Awesome
WildVision-Bench
- Insipired by Alpaca-Eval, Arena-Hard, WildBench for the evaluation in the pure text setting, we propose WildVision-Bench to evaluate vision-language models in the wild with human preferences.
- Specifically, we collect real-world QA pairs from the 🤗 WildVision-Arena collections and curated 500 high quality examples for the evaluation.
- We use GPT-4o as the judgement model and Claude-3-Sonnet as our baseline model. The judge model is used to compare the model's response with the baseline model's response and decide which one is better.

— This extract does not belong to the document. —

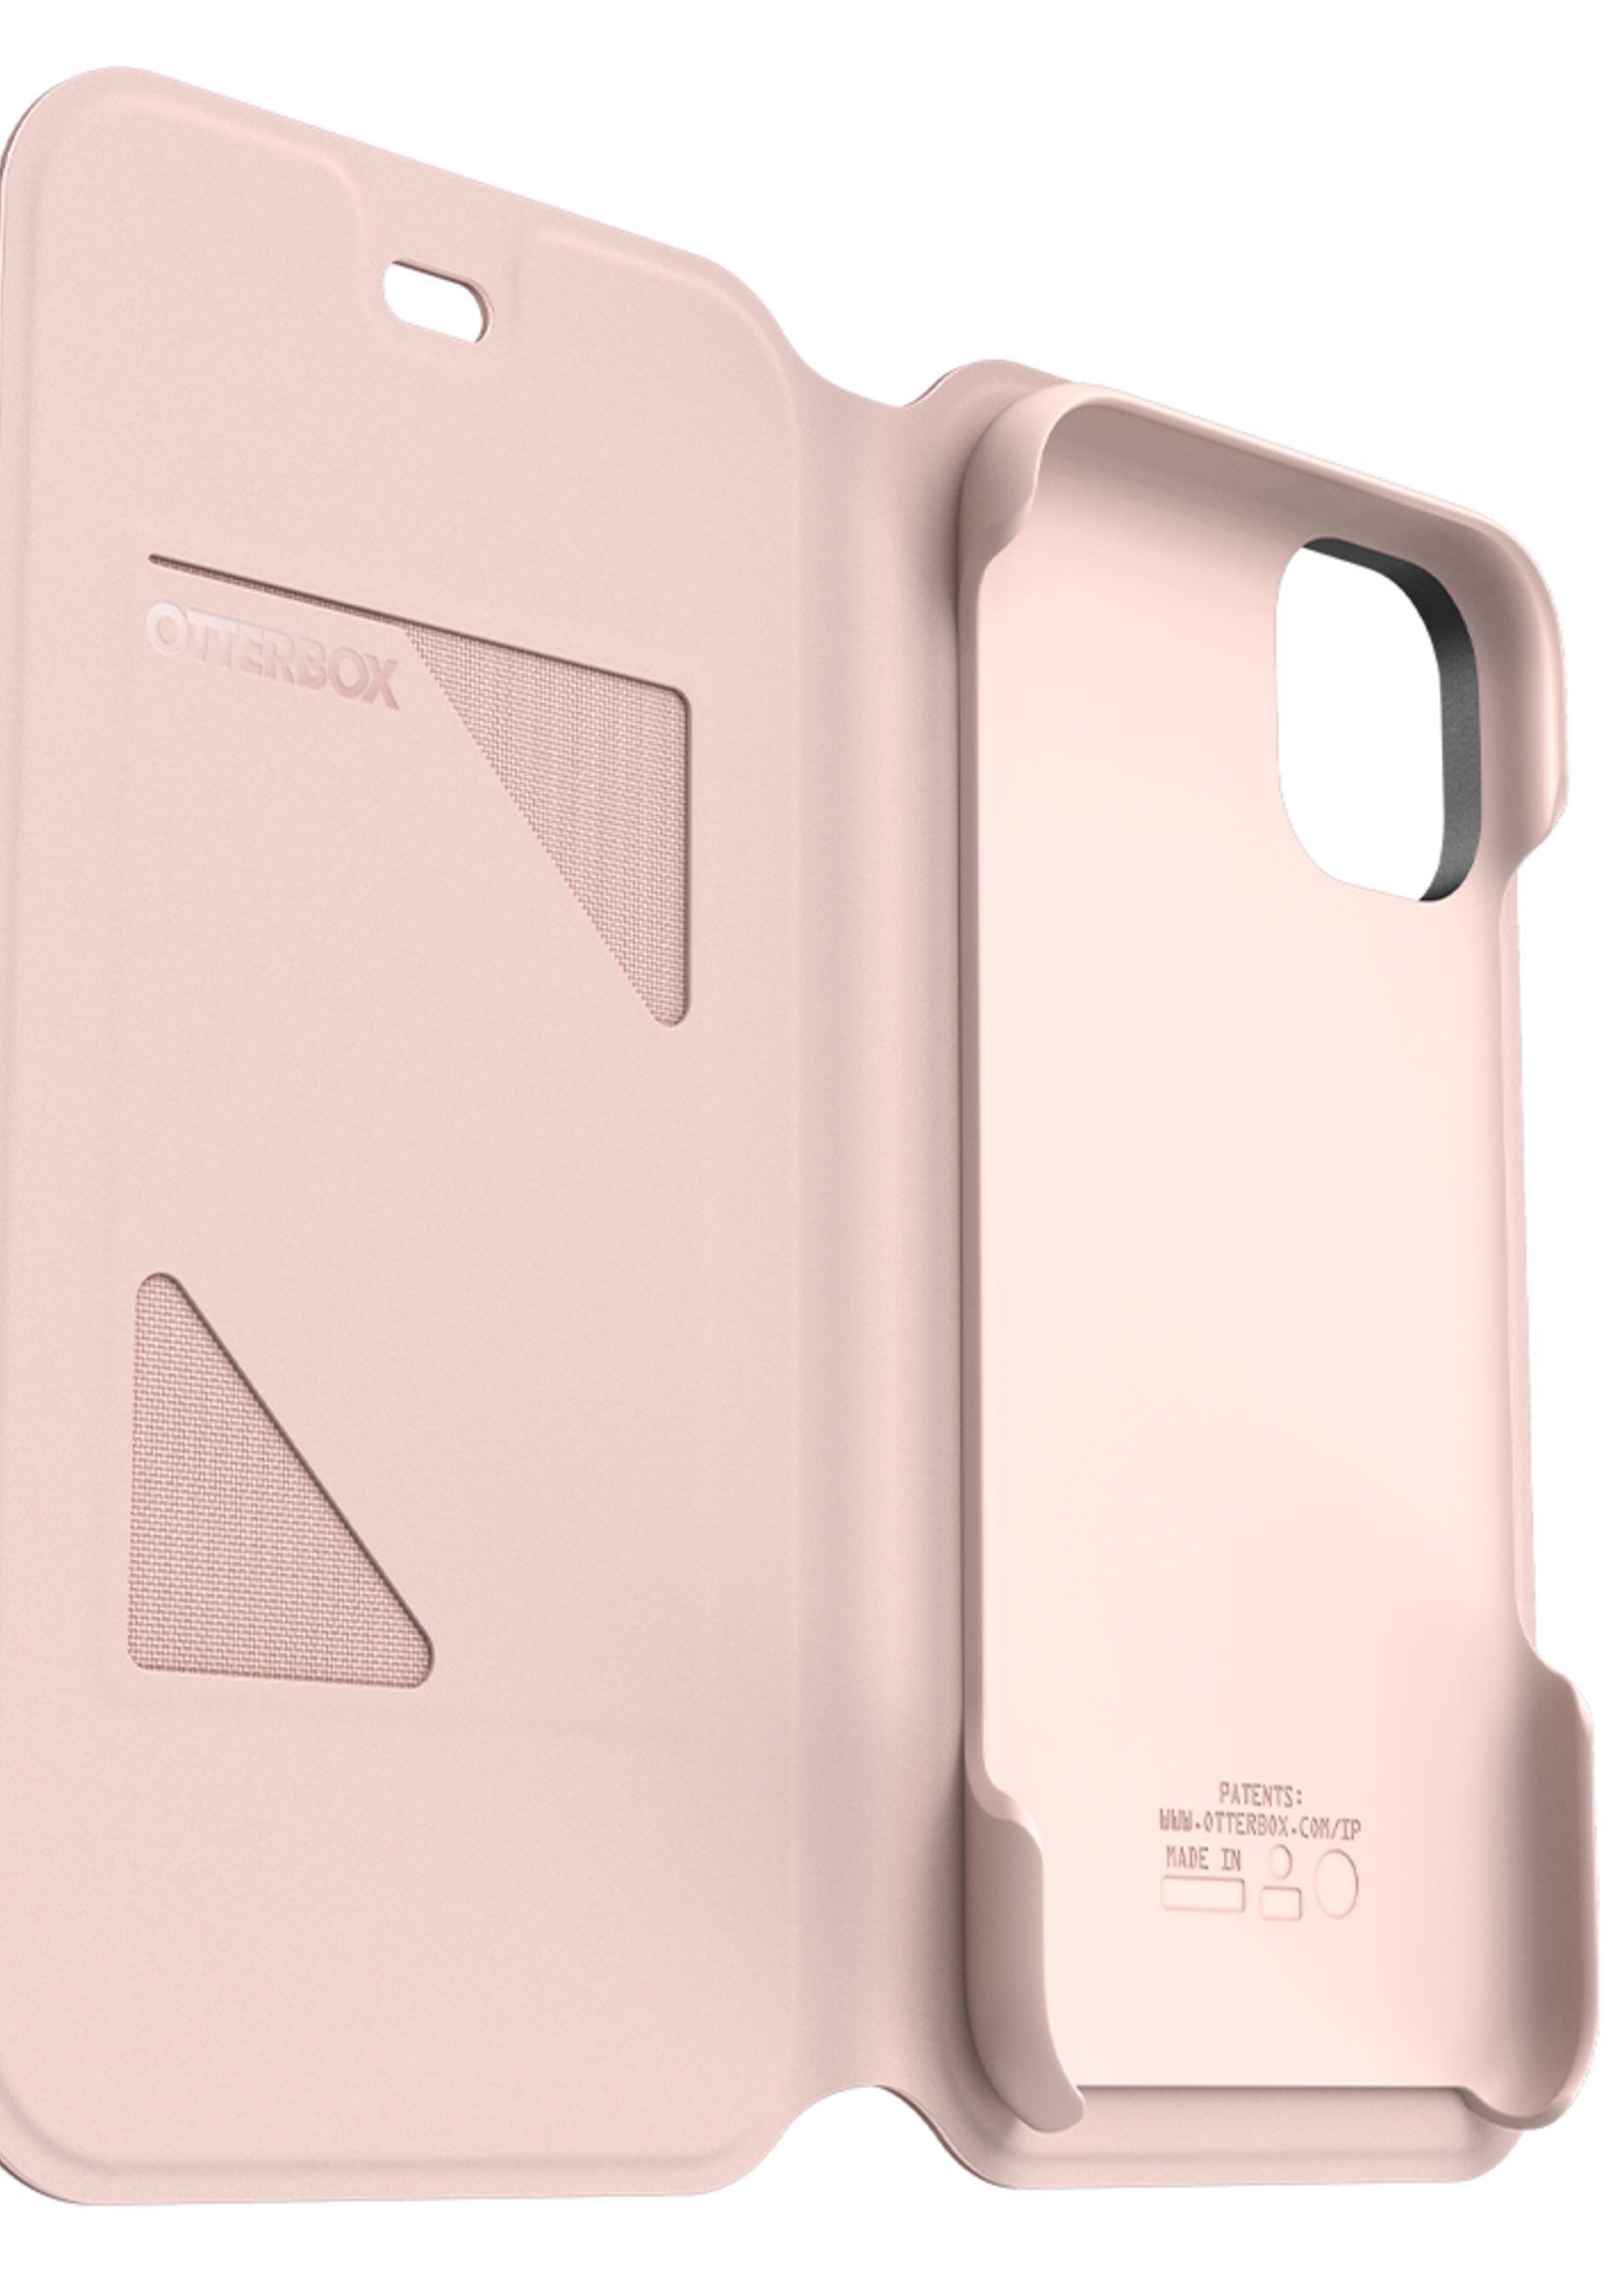 Otterbox OtterBox - Strada Via Case for Apple iPhone 11 - Pink Shimmer

- WildVision-Bench achives 0.94 correlation with the WildVision-Arena elo ranking, which is a good indicator for the model's performance in the wild.
installation
As part of the wildvision arena environment, please install the following dependencies:
conda create -n visionbench python==3.9
pip install -e .
WVBench Image-Instruct Pair
🤗 WildVision-Bench
You can get image-instruct pair of WVBench-500 to generate your model answers by loading bench data below:
wildbench_data = load_dataset('WildVision/wildvision-bench', config_name='vision_bench_0617', split='test')
We have two versions of Wildvision-Bench data
vision_bench_0617
: the selected 500 examples that best simulates the vision-arena elo ranking, same data in the paper.vision_bench_0701
: the further filter and selected 500 examples by NSFW and manual selection. Leaderboard are still preparing.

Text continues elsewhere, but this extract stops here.